CUDA Driver Version / Runtime Version 5.0 / 5.0
CUDA Capability Major/Minor version number: 2.0
Total amount of global memory: 5375 MBytes (5636292608 bytes)
(14) Multiprocessors x ( 32) CUDA Cores/MP: 448 CUDA Cores
GPU Clock rate: 1147 MHz (1.15 GHz)
Memory Clock rate: 1494 Mhz
Memory Bus Width: 384-bit
L2 Cache Size: 786432 bytes
Max Texture Dimension Size (x,y,z) 1D=(65536), 2D=(65536,65535), 3D=(2048,2048,2048)
Max Layered Texture Size (dim) x layers 1D=(16384) x 2048, 2D=(16384,16384) x 2048
Total amount of constant memory: 65536 bytes
Total amount of shared memory per block: 49152 bytes
Total number of registers available per block: 32768
Warp size: 32
Maximum number of threads per multiprocessor: 1536
Maximum number of threads per block: 1024
Maximum sizes of each dimension of a block: 1024 x 1024 x 64
Maximum sizes of each dimension of a grid: 65535 x 65535 x 65535
Maximum memory pitch: 2147483647 bytes
Texture alignment: 512 bytes
Concurrent copy and execution: Yes with 2 copy engine(s)

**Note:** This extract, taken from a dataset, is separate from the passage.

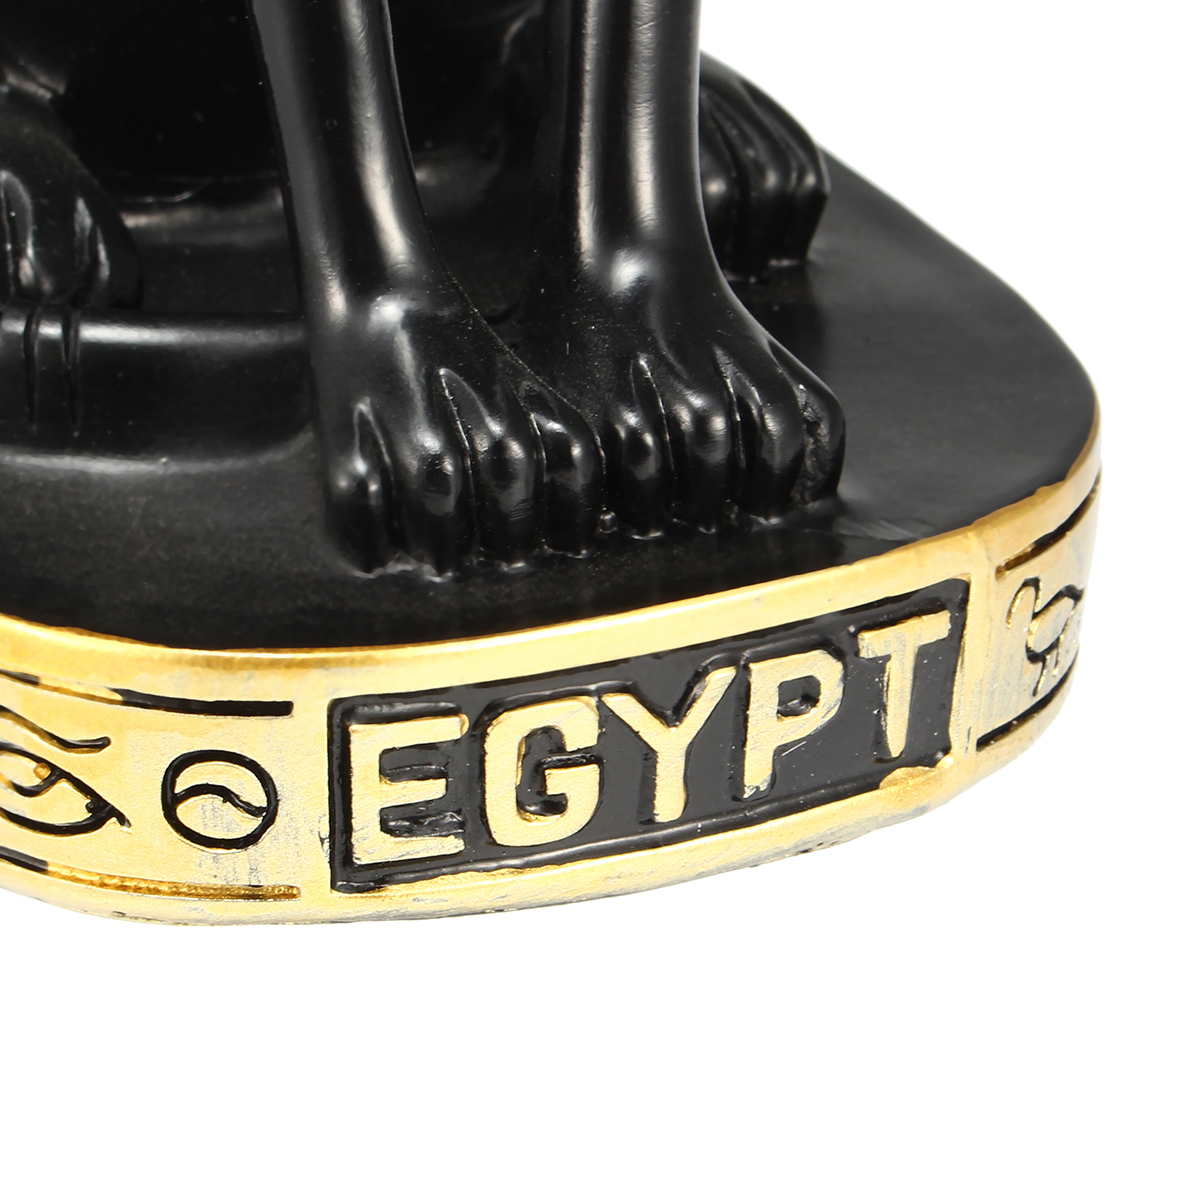 15-Vintage-Egyptian-Bastet-Cat-Goddess-Resin-Figurine-Black-Cat-Pharaoh-Statue-Decorations-1376089
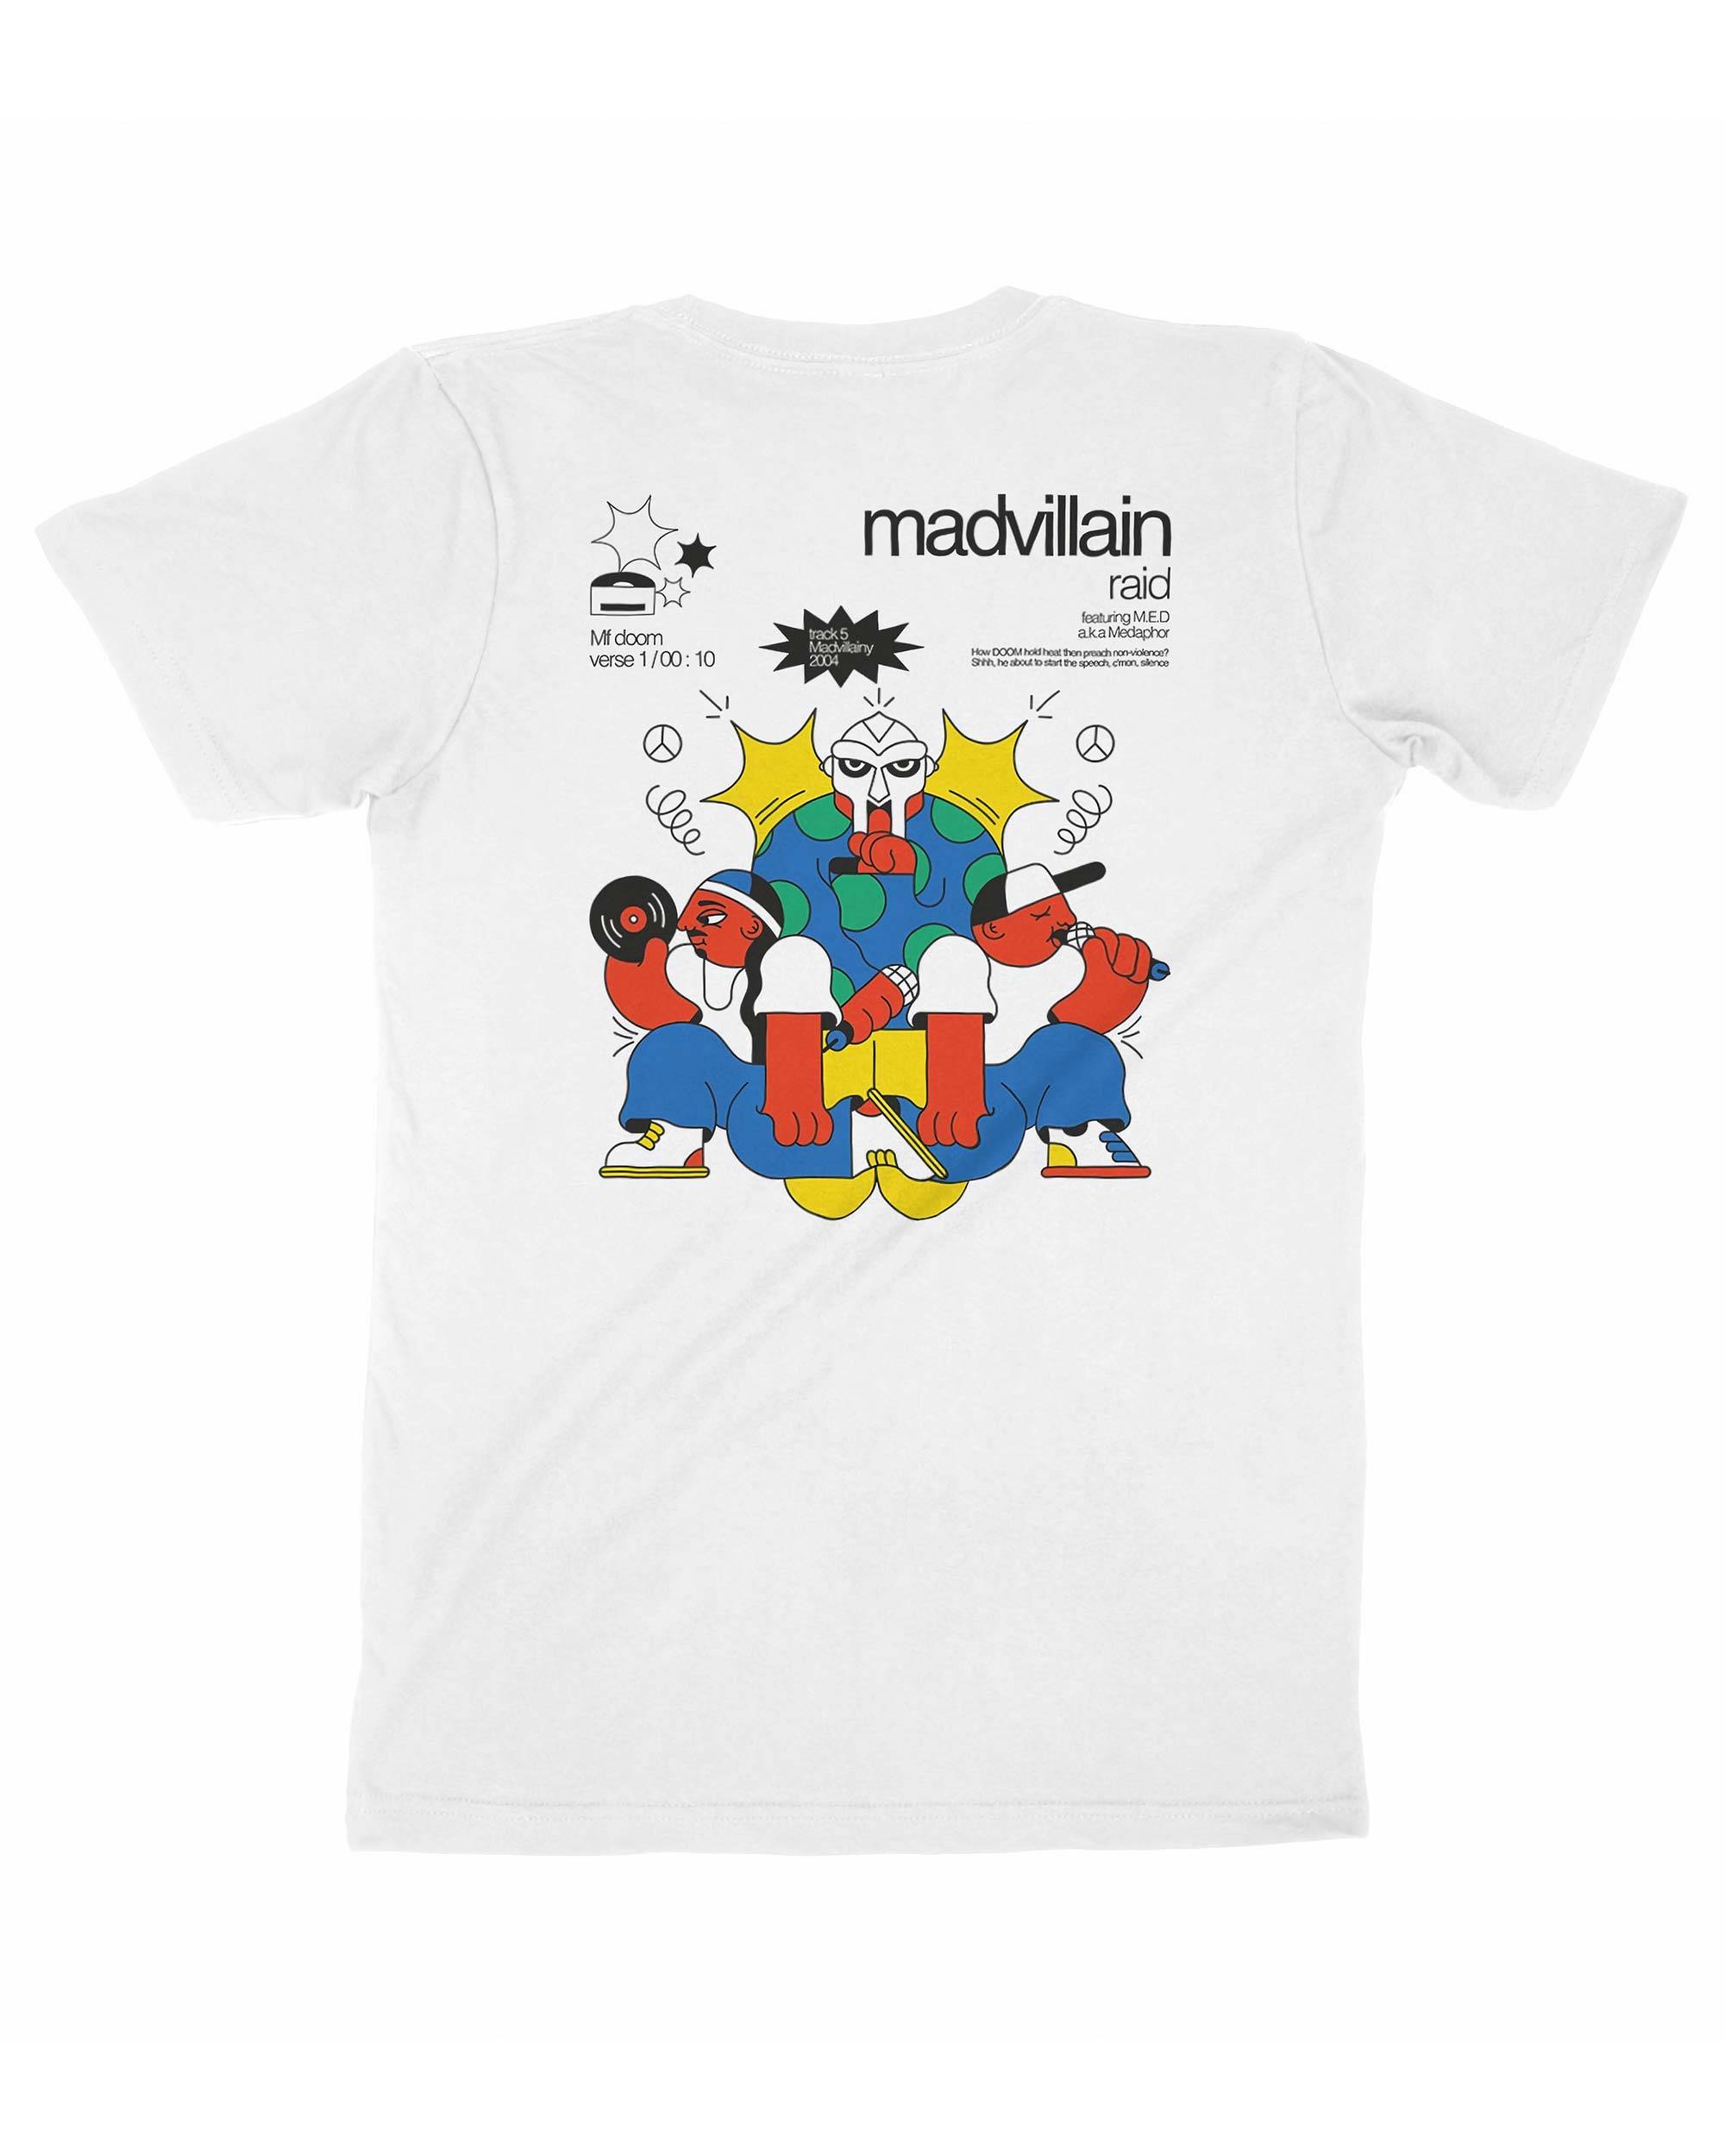 T-shirt Madvillain Grafitee

Run time limit on kernels: No
Integrated GPU sharing Host Memory: No
Support host page-locked memory mapping: Yes
Concurrent kernel execution: Yes
Alignment requirement for Surfaces: Yes
Device has ECC support enabled: Yes
Device is using TCC driver mode: No
Device supports Unified Addressing (UVA): Yes
Device PCI Bus ID / PCI location ID: 1 / 0
Compute Mode:
< Default (multiple host threads can use ::cudaSetDevice() with device simultaneously) >
deviceQuery, CUDA Driver = CUDART, CUDA Driver Version = 5.0, CUDA Runtime Version = 5.0, NumDevs = 1, Device = Tesla C2070
I’m not sure what other things to check, any pointers would be much appreciated.